A number of theories have been put forth to try to explain the evolution and maintenance of sexual reproduction. In the center of this debate is the so-called ''Red Queen'' hypothesis, that relies heavily on the concept of diversity. In essence, it holds the action of genetically matching parasites as responsible for creating a rapidly changing environment. In this unstable ecology only varieties that can mutate their genomic pool, at least as fast as the adaptation of the parasites proceed, can survive. The theory derives its name from this endless race, quoting from the Red Queen of Lewis Carol's Alice in Wonderland: ''It takes all the running you can do, to keep in the same place.'' In fact, observations of competing varieties of a freshwater snail, Potamopyrgus antipodarum, have shown that there is a strong correlation between the prevalence of one reproduction regime and the concentration in its habitat of the trematode Microphallus, a parasite that renders the snail sterile by eating its gonads [22,23,24]. Namely, the asexual variety is predominant where the parasite appears in small concentrations, whereas higher concentrations of the trematode forces the species to prefer a sexual regime.

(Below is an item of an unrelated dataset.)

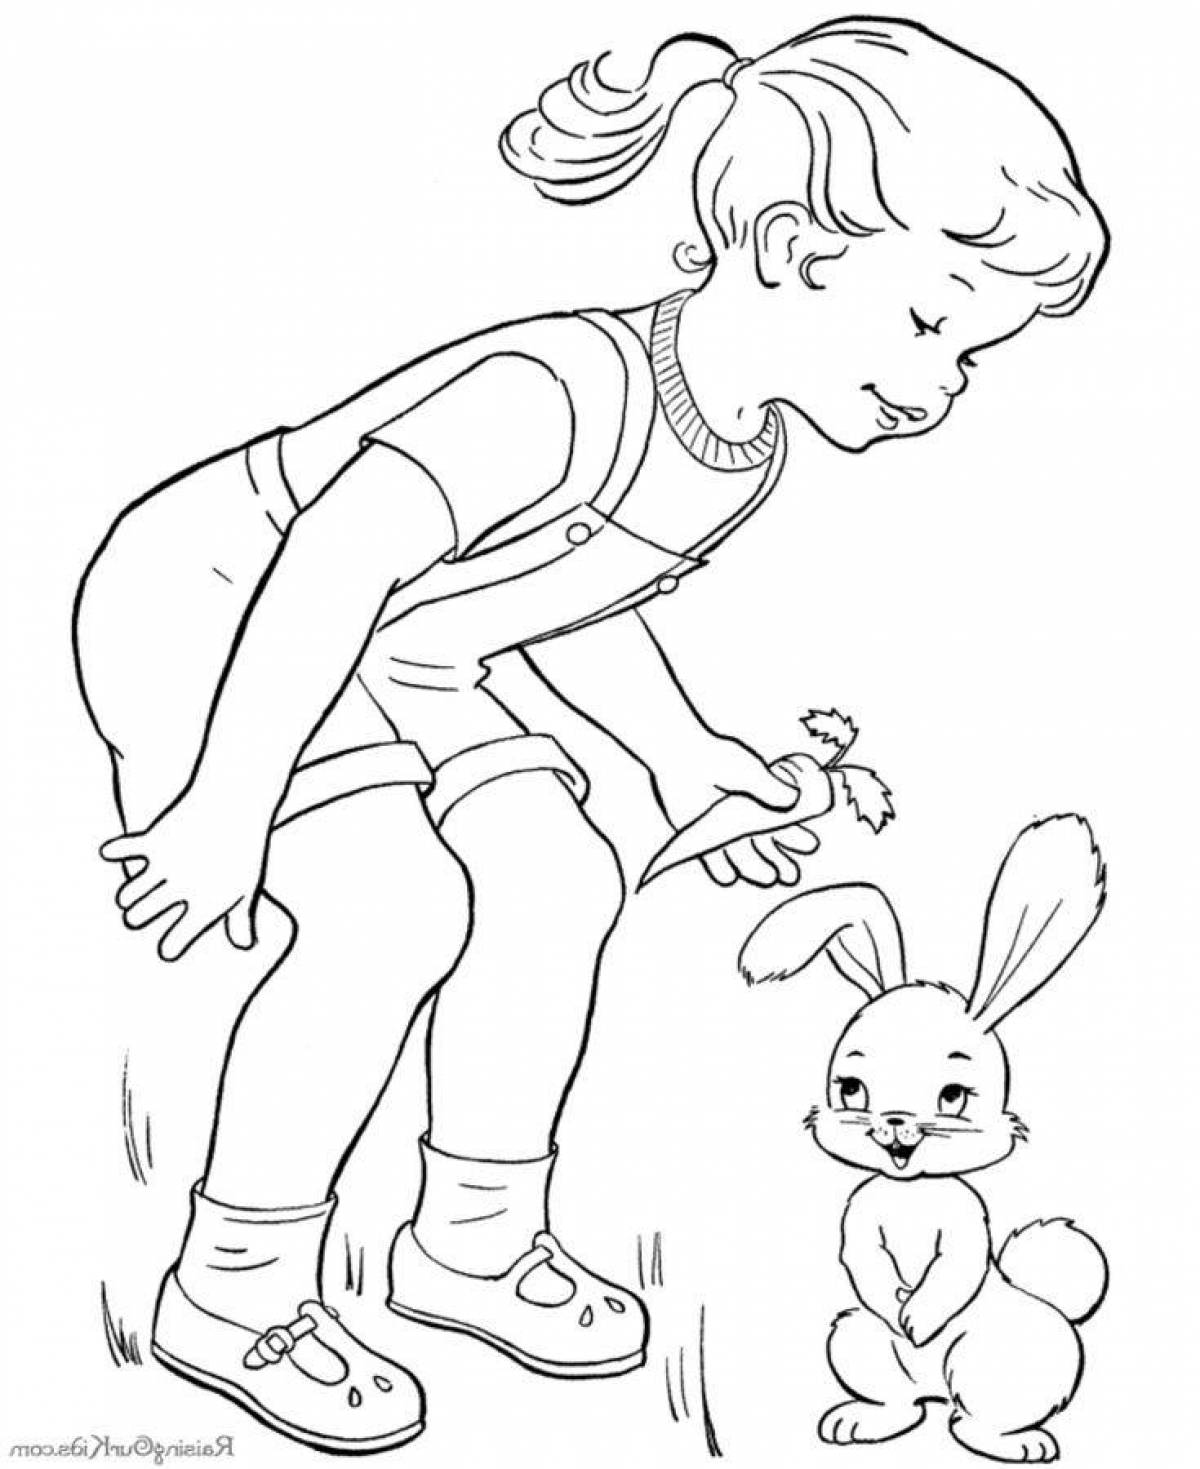 Animated coloring page slap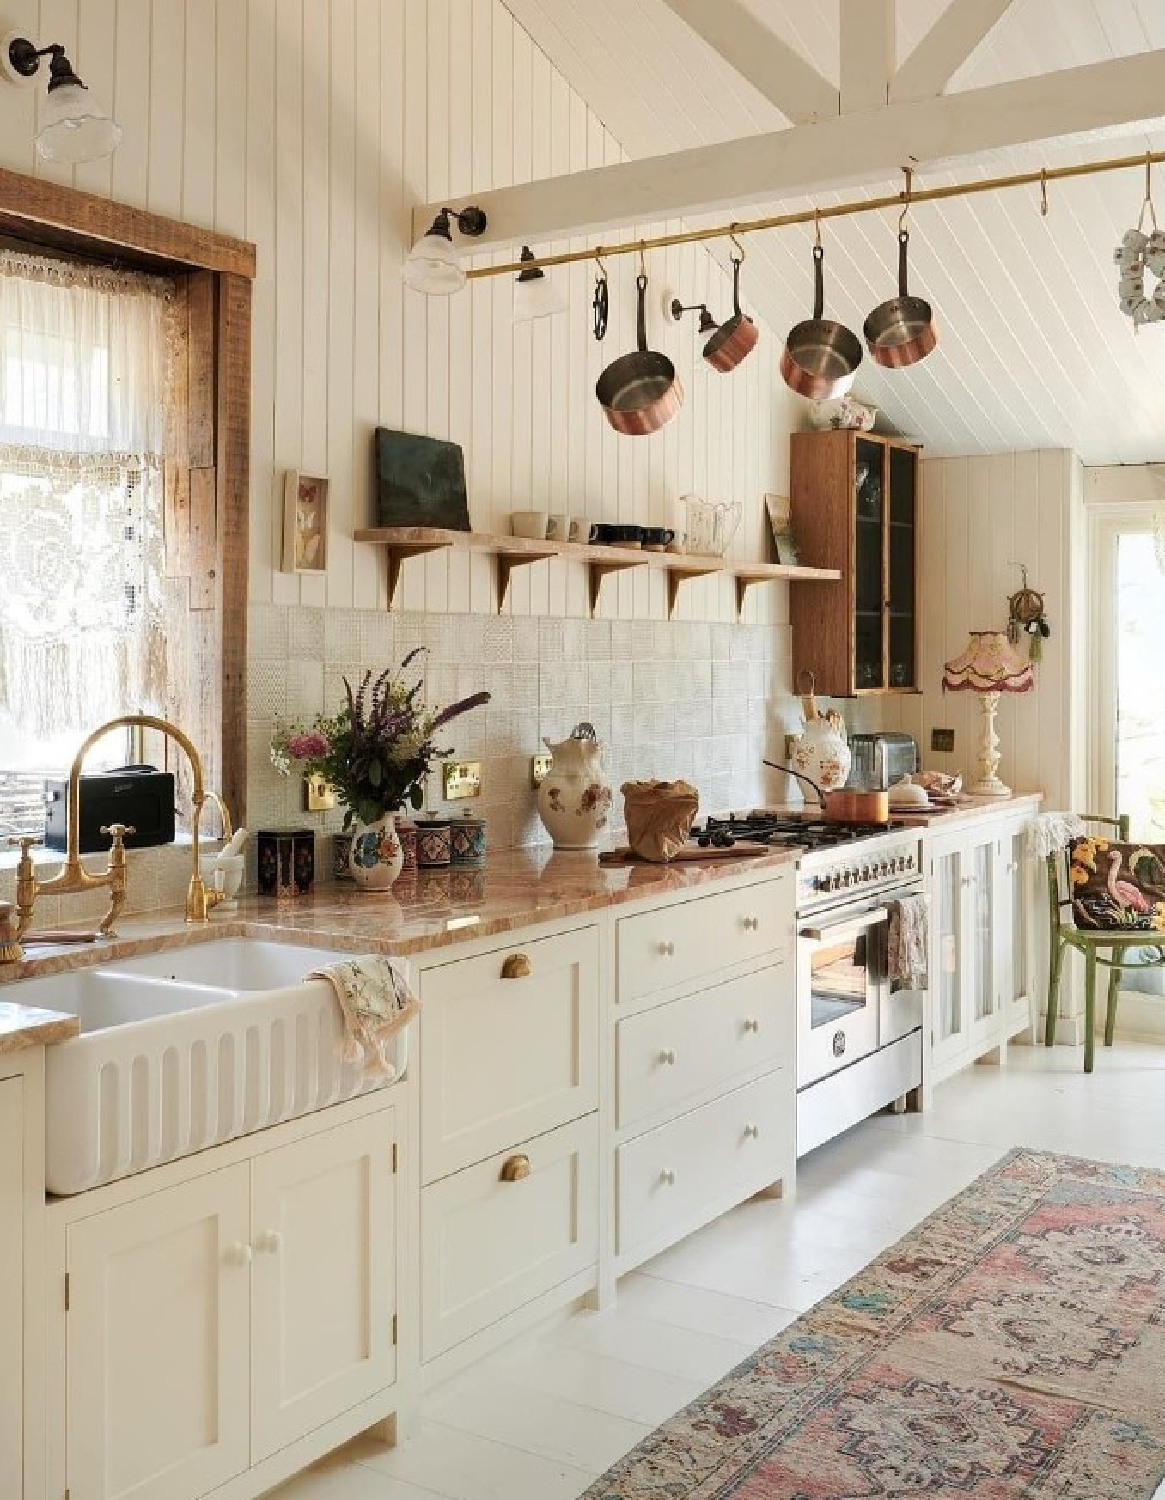 deVOL Kitchens beautiful English country bespoke kitchen with pale colors, brass pot rack, and touches of rose. #devolkitchens

This correlation could be shown to exist in simulations of a conveniently modified Penna model [25]. The parasites are represented by a dynamically changing memory bank of genomes of some fixed number of entries. Each entry is modified if it comes into contact with the same genome twice in a row; in this case, it memorizes this pattern and stores it in the memory bank. At each time step, before the reproduction cycle, each female of the population is probed by a fixed number E of randomly chosen entries of the parasite bank. If one of these entries is a perfect match for the female's genome, she is rended sterile and can no longer reproduce. The number of parasite exposures E is an indirect measure of the parasite concentration in the habitat. For the host population, the reproductive regime of the females is no longer a fixed character, but can mutate with some small probability. That is, the offspring generated by a meiotic parthenogenetic female has a small probability to mutate to a sexual reproduction regime, and vice-versa. The simulations begin in the absence of the parasite infestation, and the initial population is set to have a sexual reproductive regime. As soon as the meiotic population appears, due to the mutations in the reproductive regime, it overrides the sexual variety: sex barely subsists due to infrequent back-mutations from the asexual variety. At some time step, the parasite infestation is turned on. The resulting predominant variety is going to depend solely on the intensity of this infestation, as measured by the exposure parameter E. For small values of E, the asexual variety has the upper hand. As E is increased, a first-order transition is seen to a configuration dominated by the sexual population. Fig. 5 shows the fraction of females in the population that reproduces sexually, as a function of the exposure parameter E. The sudden jump in this fraction signals the order of the transition.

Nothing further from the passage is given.